Je trouve intéressant de voir à quel point nous sommes concernés par notre alimentation: d'où vient-elle, que contient-elle, qui l'a préparée?"
Respect des objets
Nous descendons les marches du dépôt pour aller manger un sandwich et parler encore un peu. Alberto Zontone, son époux, s'est joint à nous. C'est un homme charmant et ouvert, qui se place avec plaisir dans l'ombre de Patricia. Il veille à ce que chacun se sente à l'aise, que tout le monde soit servi et que son épouse puisse faire ce qu'elle doit faire. Tandis que nous nous débattons maladroitement avec le papier aluminium des papillotes, Patricia Urquiola poursuit son argumentation sociale. Si son anglais n'est pas impeccable, elle le compense largement par son enthousiasme ponctué de quelques mots récurrents, comme 'ecco' et 'comunque'.

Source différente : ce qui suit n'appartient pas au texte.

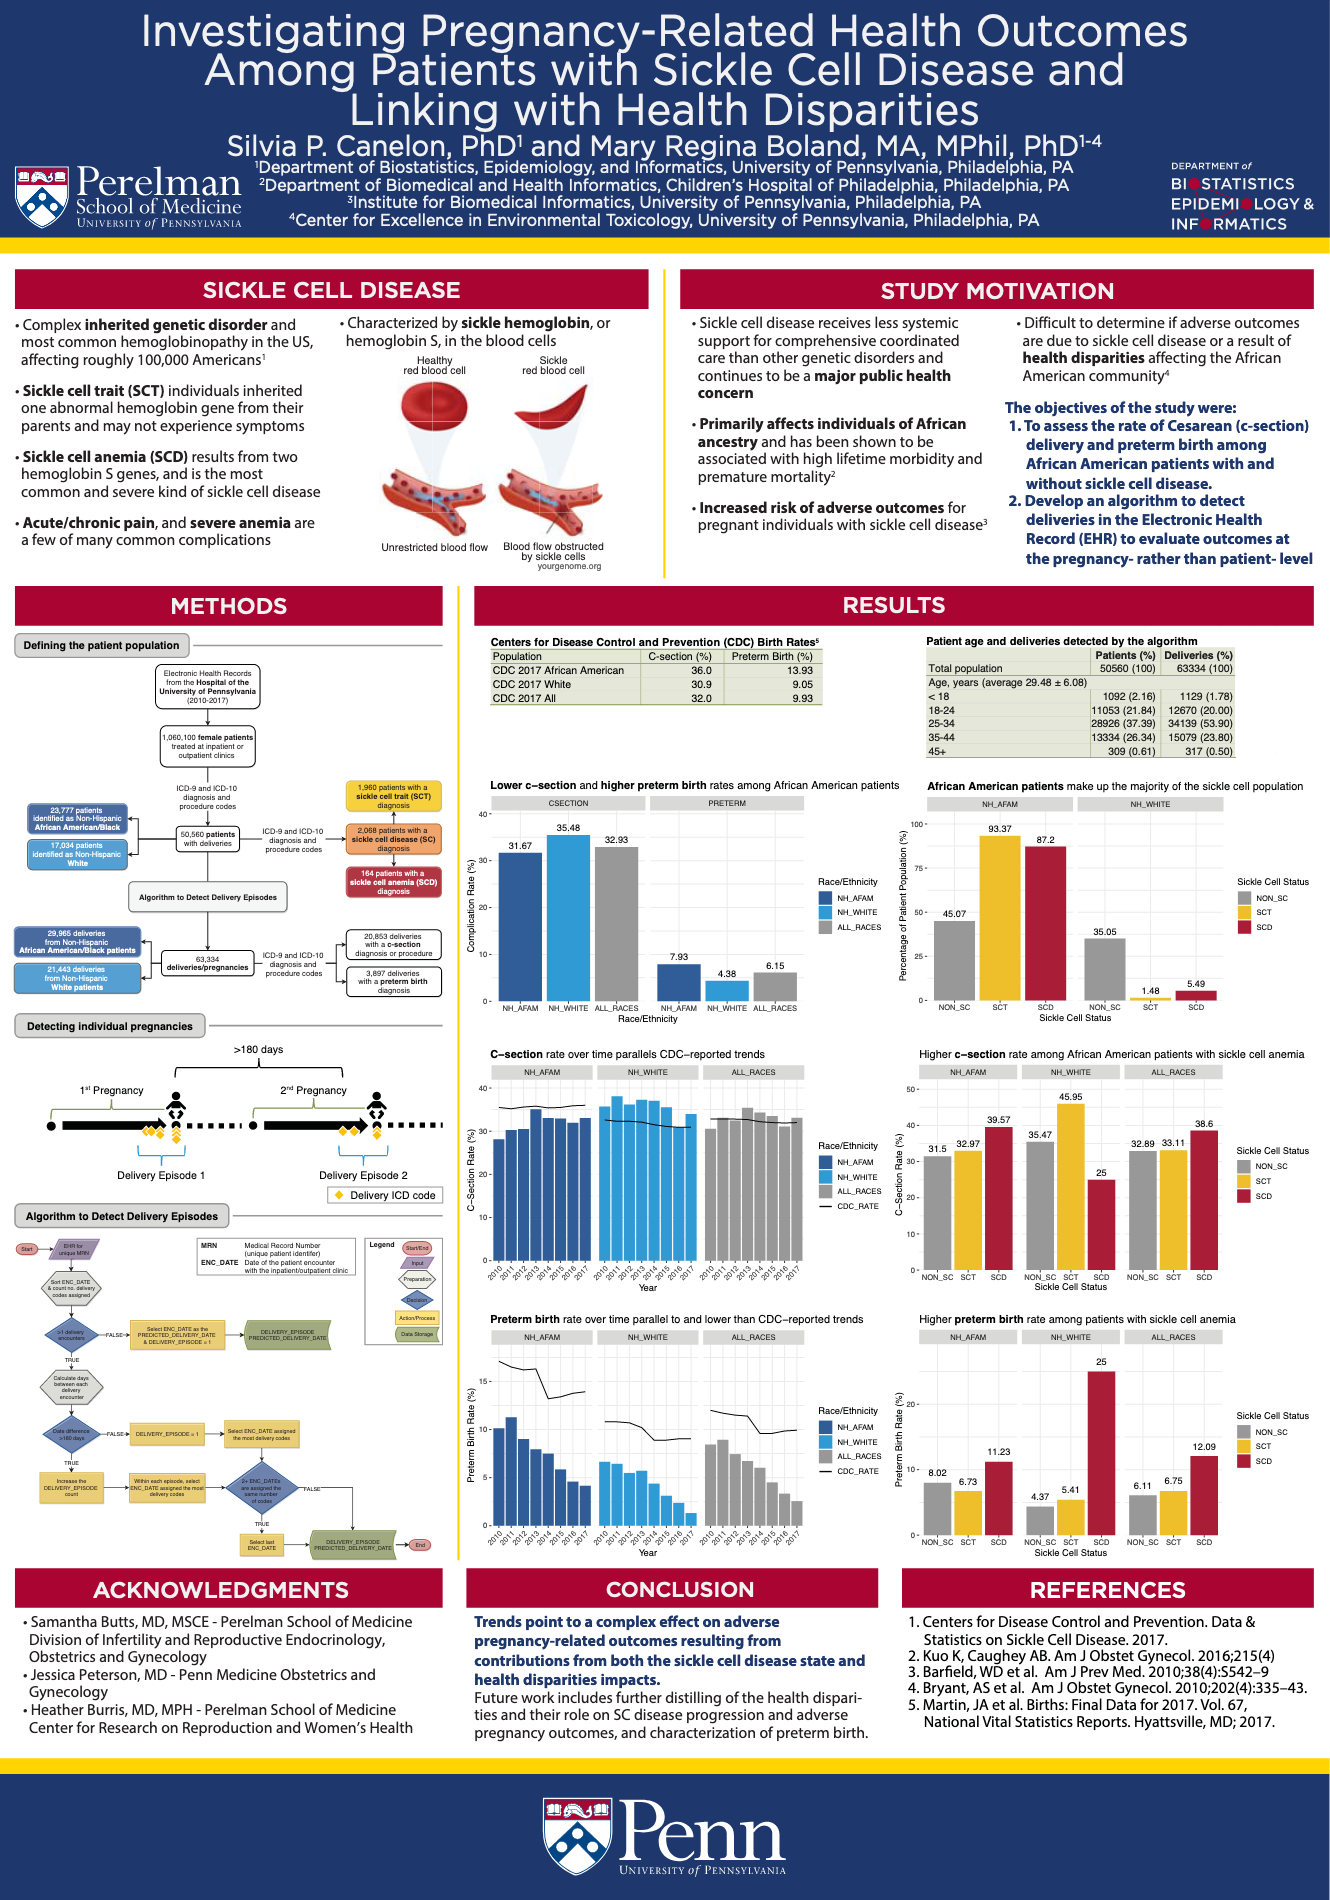 Poster presented at the AMIA 2019 Annual Symposium

"Je trouve très intéressant de voir à quel point nous sommes concernés par notre alimentation: d'où vient-elle, que contient-elle, qui l'a préparée? Cet intérêt s'étendra certainement à d'autres secteurs. Quand on achète un meuble, il faut s'intéresser à la façon dont il a été fabriqué, se sentir responsable des objets même si l'on n'en veut plus chez soi. C'est là qu'est la vérité de la durabilité. Vous savez, j'ai grandi dans les années 60 et 70, qui étaient marquées par la tendance inverse: nous étions incités à consommer autant et aussi souvent que possible. On n'attachait que peu de valeur aux objets du quotidien. Par contre, je me souviens très bien qu'à la maison, ma mère les traitait avec beaucoup de respect. Si elle remarquait qu'il y avait quelque chose que nous n'utilisions pas, elle le donnait à quelqu'un qui pouvait en avoir besoin. Cela m'est resté. Ce qui est bien fait doit être bien traité."

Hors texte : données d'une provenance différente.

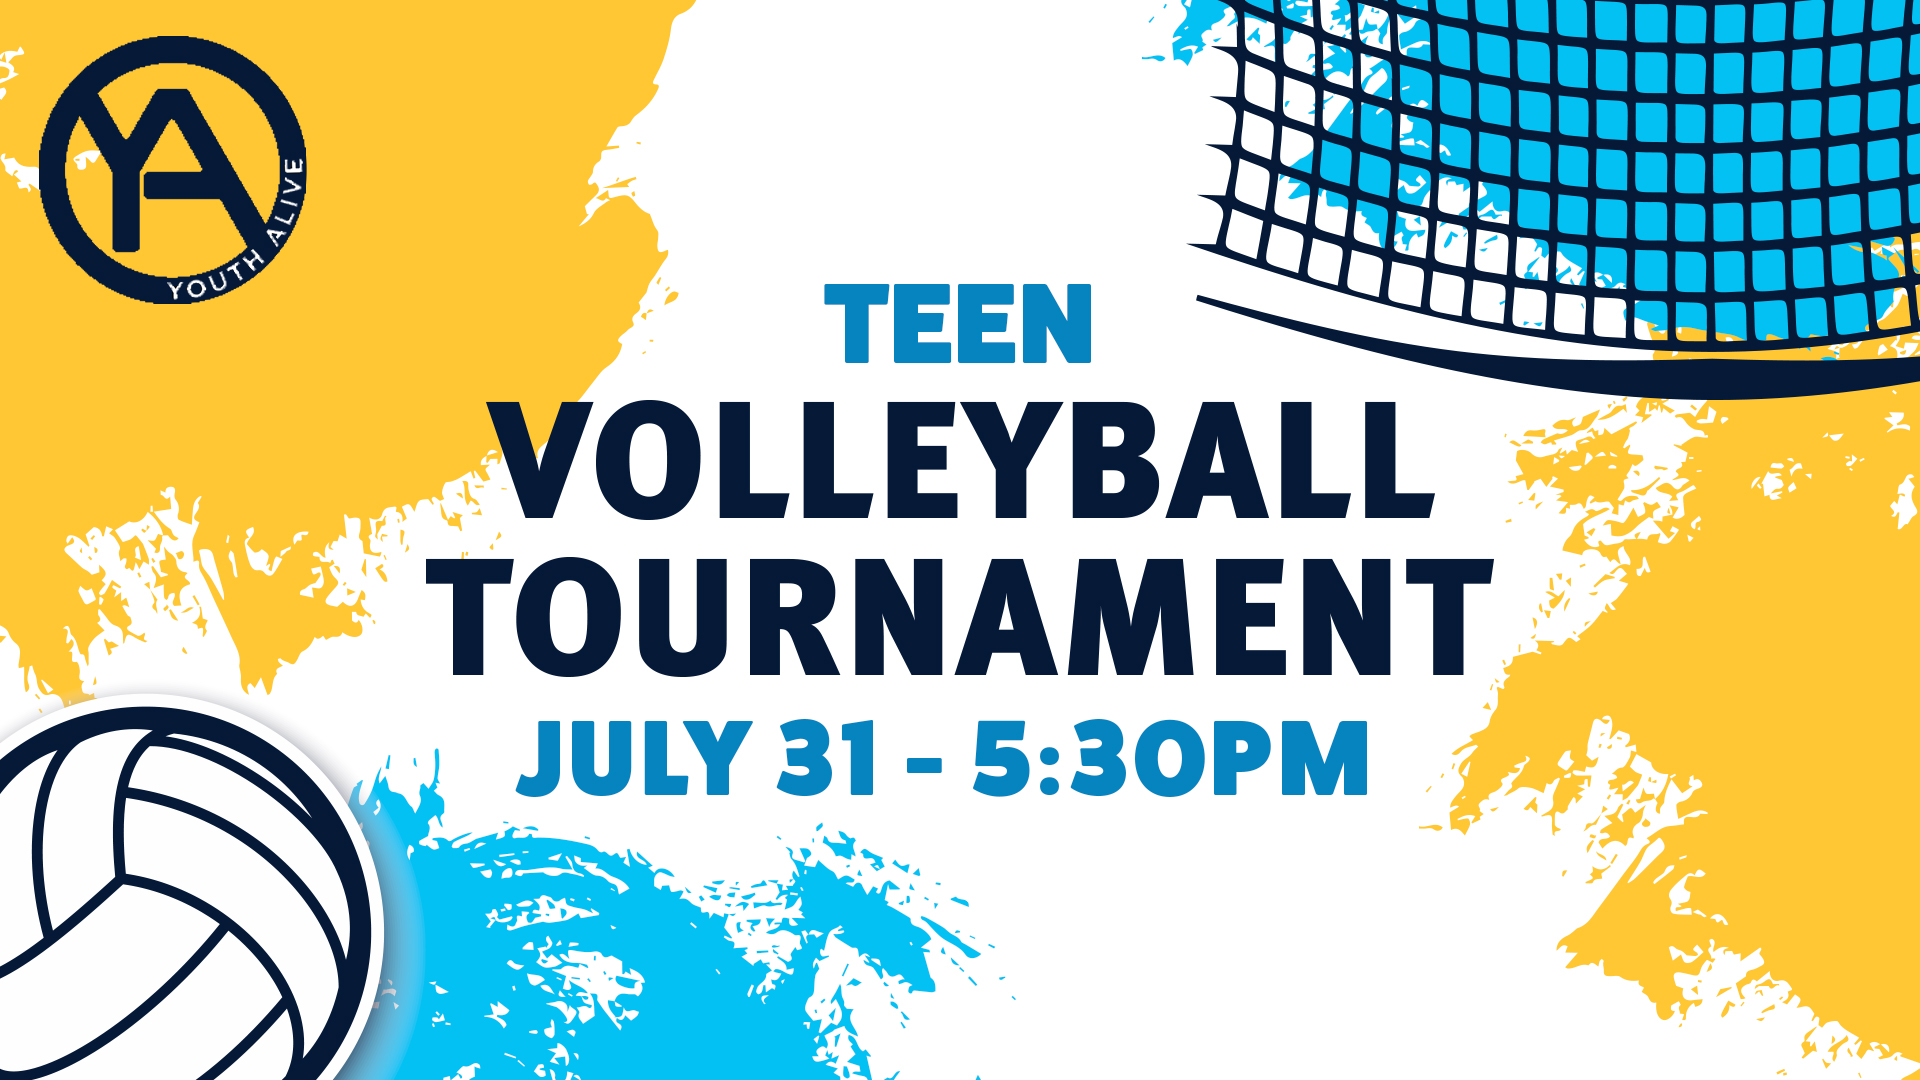 Teen Volleyball Tournament July 31 - 5:30 pm

La designer vient d'aborder un point sensible chez Cassina: le marché du vintage qui, selon elle, n'est pas une concurrence directe, mais un trait à encourager. "Cassina compte 600 pièces dans ses archives. Mon travail consiste également à examiner lesquelles nous pouvons réintroduire, et comment."
En quête de nom
La Milanaise d'adoption est née il y a 56 ans en Espagne et est installée dans la capitale lombarde depuis la fin de ses études d'architecture. "On me demande souvent comment j'ai combiné le métier d'architecte et de designer", explique-t-elle. "Cette question n'est plus pertinente aujourd'hui. Au studio, nous encourageons les architectes à collaborer avec les designers et vice-versa. Cette approche holistique très enrichissante."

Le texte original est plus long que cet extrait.